The Supreme Court released its decision in our case, the Office of the Children’s Lawyer vs. Balev today. I am glad to report that a majority of the Supreme Court adopted our submissions entirely and made significant changes to the interpretation of the concept of “habitual residence” under the Hague Convention on the Civil Aspects of Child Abduction. Specifically, the Supreme Court rejected the “parental intention” approach to the interpretation of habitual residence in favour of the hybrid approach. You can read the complete judgment here.
This decision is a significant departure from the established definition of habitual residence adopted by most Canadian courts up to this point. By doing so, the Supreme Court has finally aligned Canadian jurisprudence to the approach adopted by most of the signatories of the Hague Convention, including the UK, the European Union, Australia, New Zealand, and some circuit courts in the US. It also signals a more respectful approach towards the views of children, ensuring that they are listened to, without making them determinative.
Predictably, immediately after the decision was released, several commentators and the Respondent father reacted in an alarmist fashion, claiming that the Supreme Court’s decision would encourage abductions to Canada and that it would increase litigation and prolong cases. There are several reasons why this reaction misses the mark completely. Namely:
- Detractors claim that focusing on parental intent is the only way to ensure that agreements between parents are respected. In fact, the hybrid approach does not throw away parental intent. Under the hybrid model, parental intent is still an important factor and, as suggested by the majority, could be a determining factor in many cases. The hybrid approach is most properly thought of as an objective approach where the trier of fact assesses all the facts to determine whether the picture, in its entirety, suggests that one jurisdiction is the habitual residence. Parental intent continues to play a role in the hybrid model. In fact, in most cases, the hybrid approach and parental intention approach come to exactly the same conclusion, namely the return of the children to the original jurisdiction. It is only in difficult cases, such as this one, where the two may depart from one another.

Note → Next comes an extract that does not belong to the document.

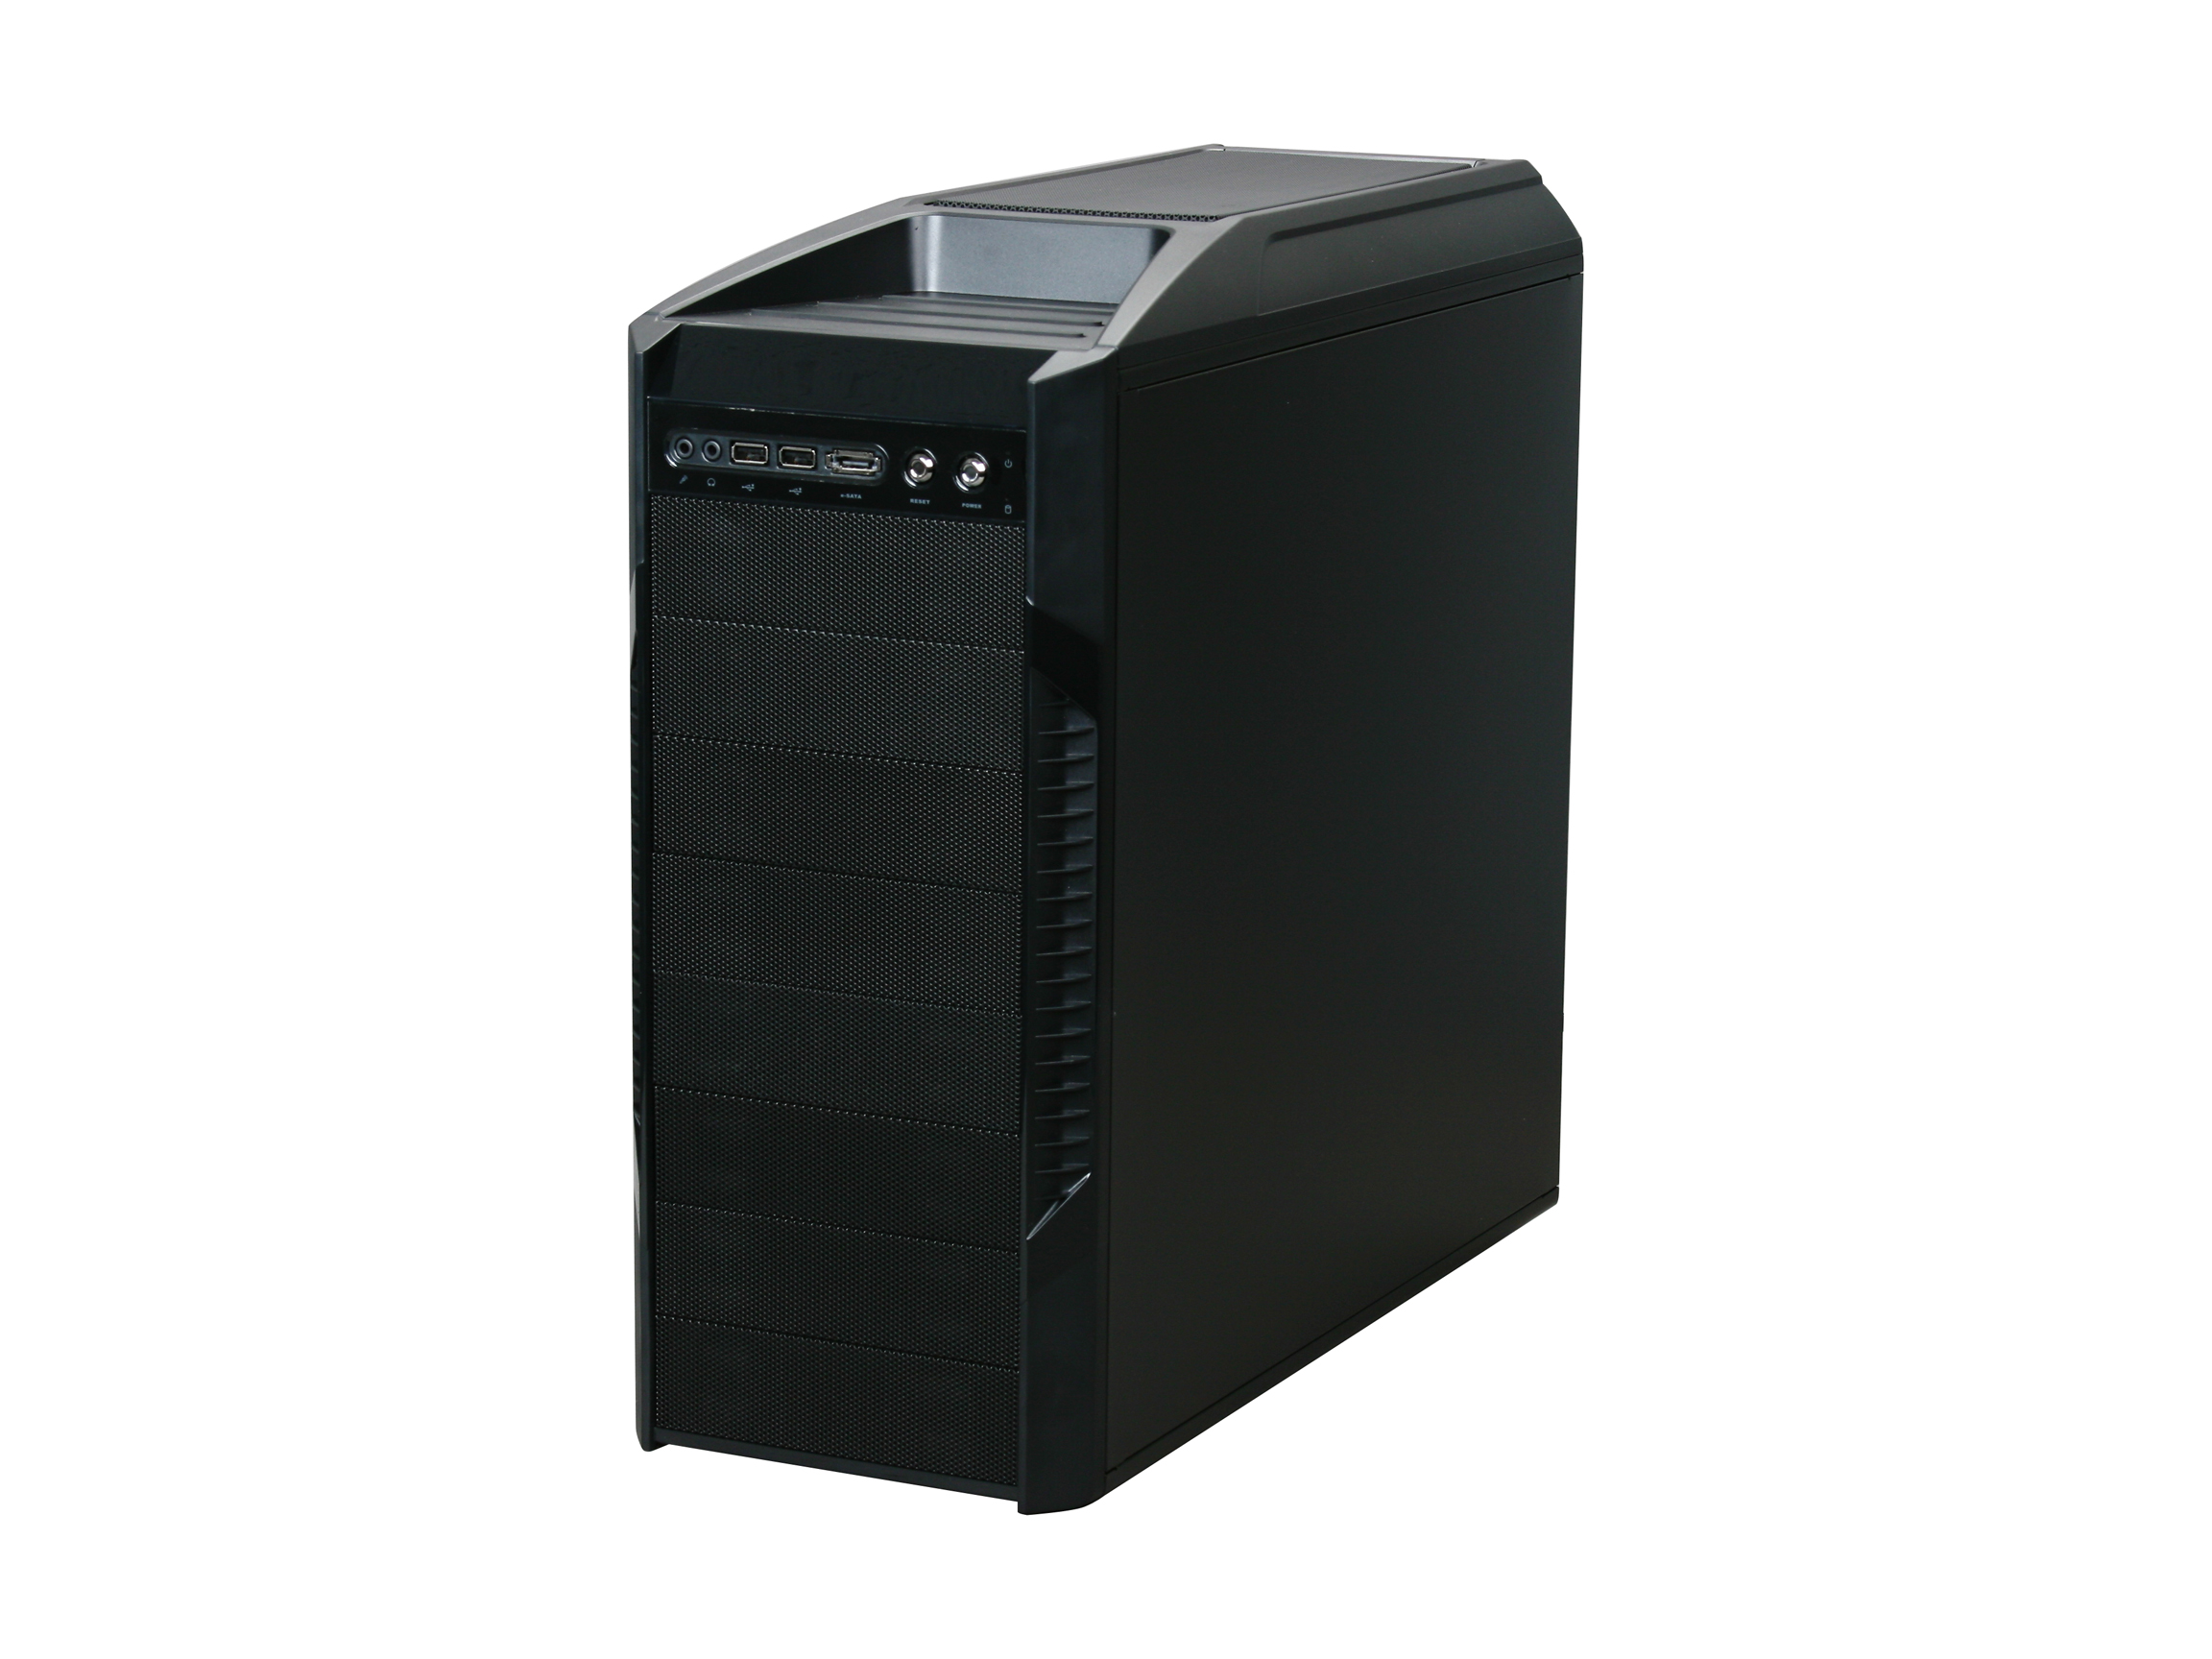 Rosewill DESTROYER Black Gaming ATX Mid Tower Computer Case, comes with Three Fans 1x Front Blue LED 120mm Fan, 1x Top 120mm Fan, 1x Rear 120mm Fan, option Fans 2x Side 120mm Fan, 1x Top 120mm Fan, 1x

- Contrary to popular belief, the parental intention approach engenders significant litigation because courts are asked to determine something that is inherently in the minds of the litigants. Both litigants will invariably behave as they usually do in litigation, that is, claim they each intended something different. In our system of law, the only way to assess this invisible intent is to have oral evidence to assess each person’s credibility – or in other words, a trial. This has been noted by various commentators as a reason why the parental intention approach leads to more litigation, not less.

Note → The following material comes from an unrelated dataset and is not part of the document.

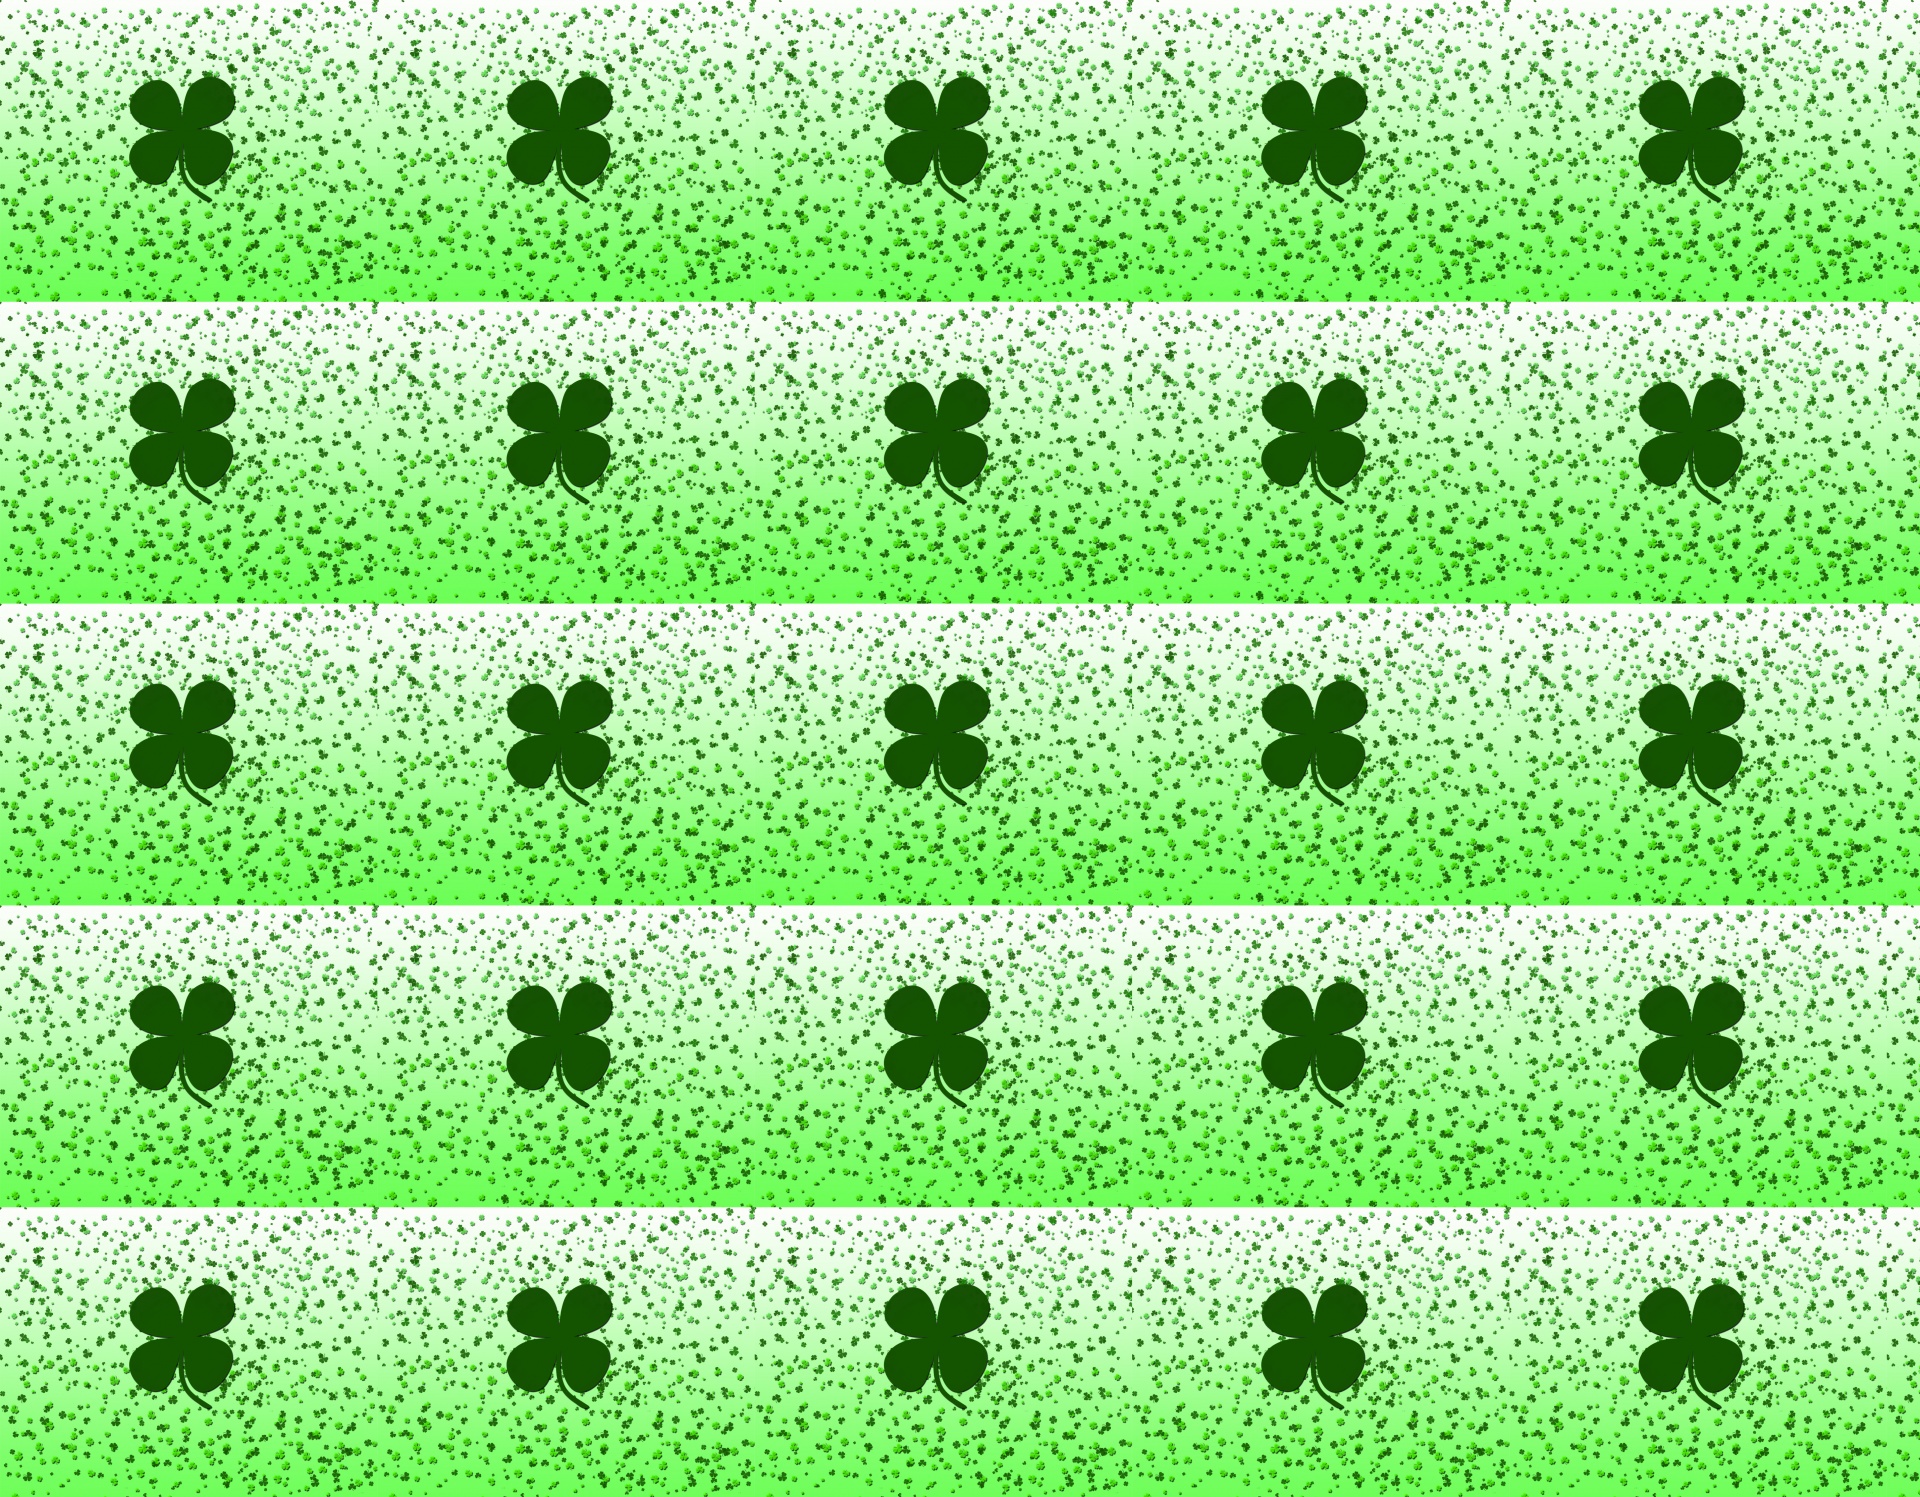 background wallpaper st patrick's day free photo

- There is no evidence to support the assertion that the hybrid approach leads to more litigation. New Zealand has adopted this approach since 2007; Australia since 2009; the European Union since 2010; the UK since 2013. The Respondent father, and some of the intervenors, who argued in favor of the parental intent approach could have produced statistics and studies to suggest that the hybrid approach has led to a significant increase in litigation and delay in these countries. In fact, none of them did. What was before the court, however, was the opposite, which is, that Canada lags far behind in terms of speed of resolving such disputes. The evidence is that the parental intention approach is not working, not the other way around.

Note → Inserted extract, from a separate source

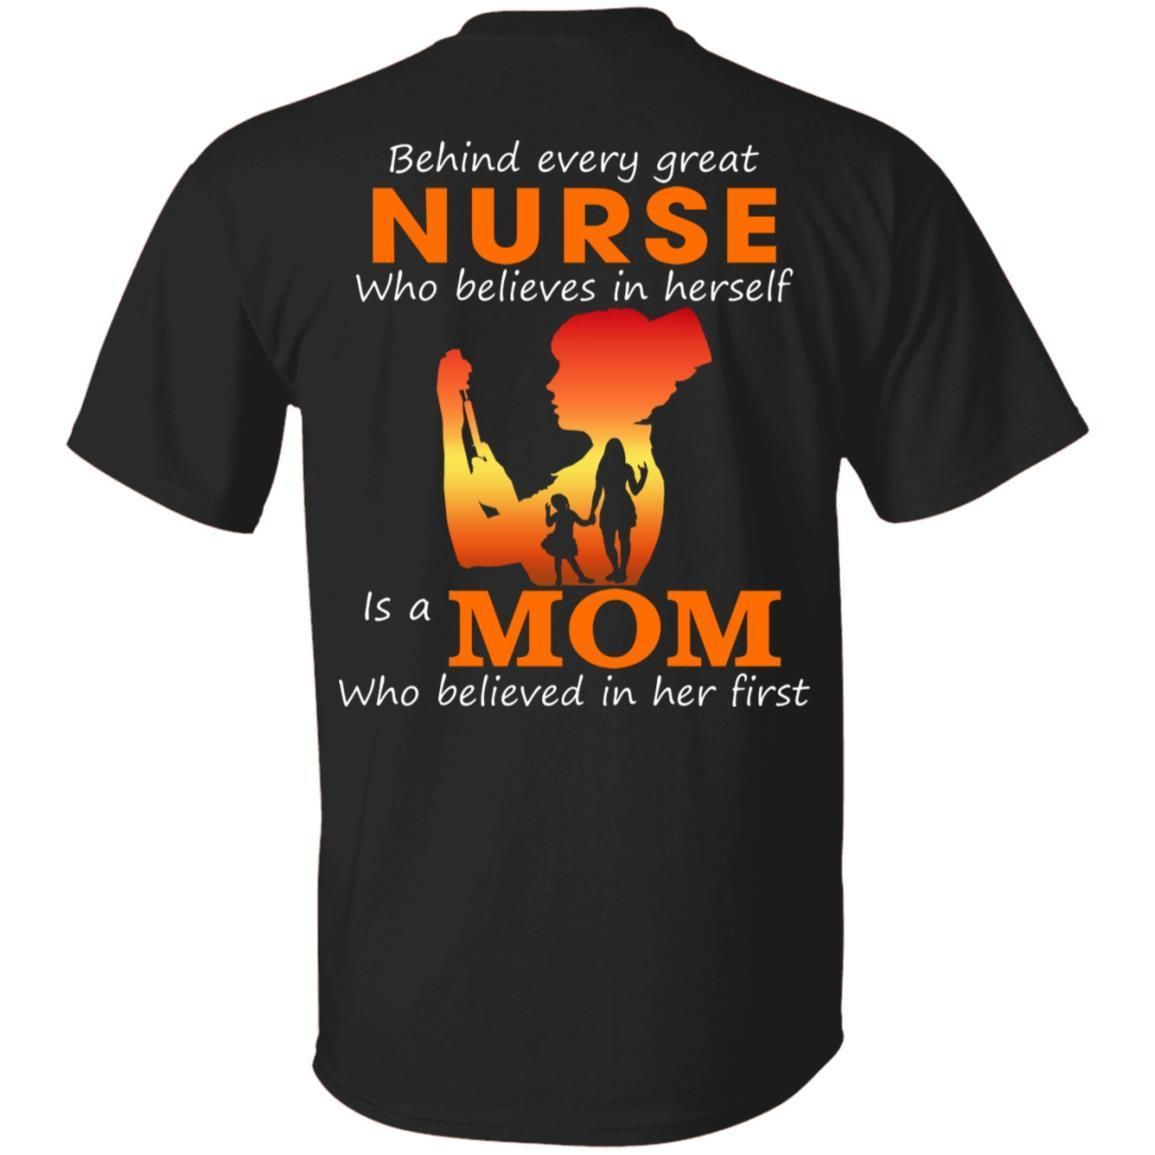 Behind every great nurse who believes in herself is a Mom shirts

- Finally, neither the parental intention approach nor the hybrid approach deters the removal of children. Rarely, if ever, do would-be abductors obtain legal advice from countries they intend to depart to in an effort to circumvent the Convention. What we know from research is that most parents who leave with children go to places where they have family or other connection. Whether that particular receiving state adopts the parental intention or hybrid approach is usually of no consequence to the parent who is leaving. It defies logic to suggest that one approach would have a greater deterrent effect than another.
The rejection of the parental intention approach does not mean the sky is falling. Instead, what it means is that children who are taken to Canada from Signatory States will benefit from an interpretation of the Convention that is consistent with international jurisprudence. I would have thought this would be something for us to be proud of.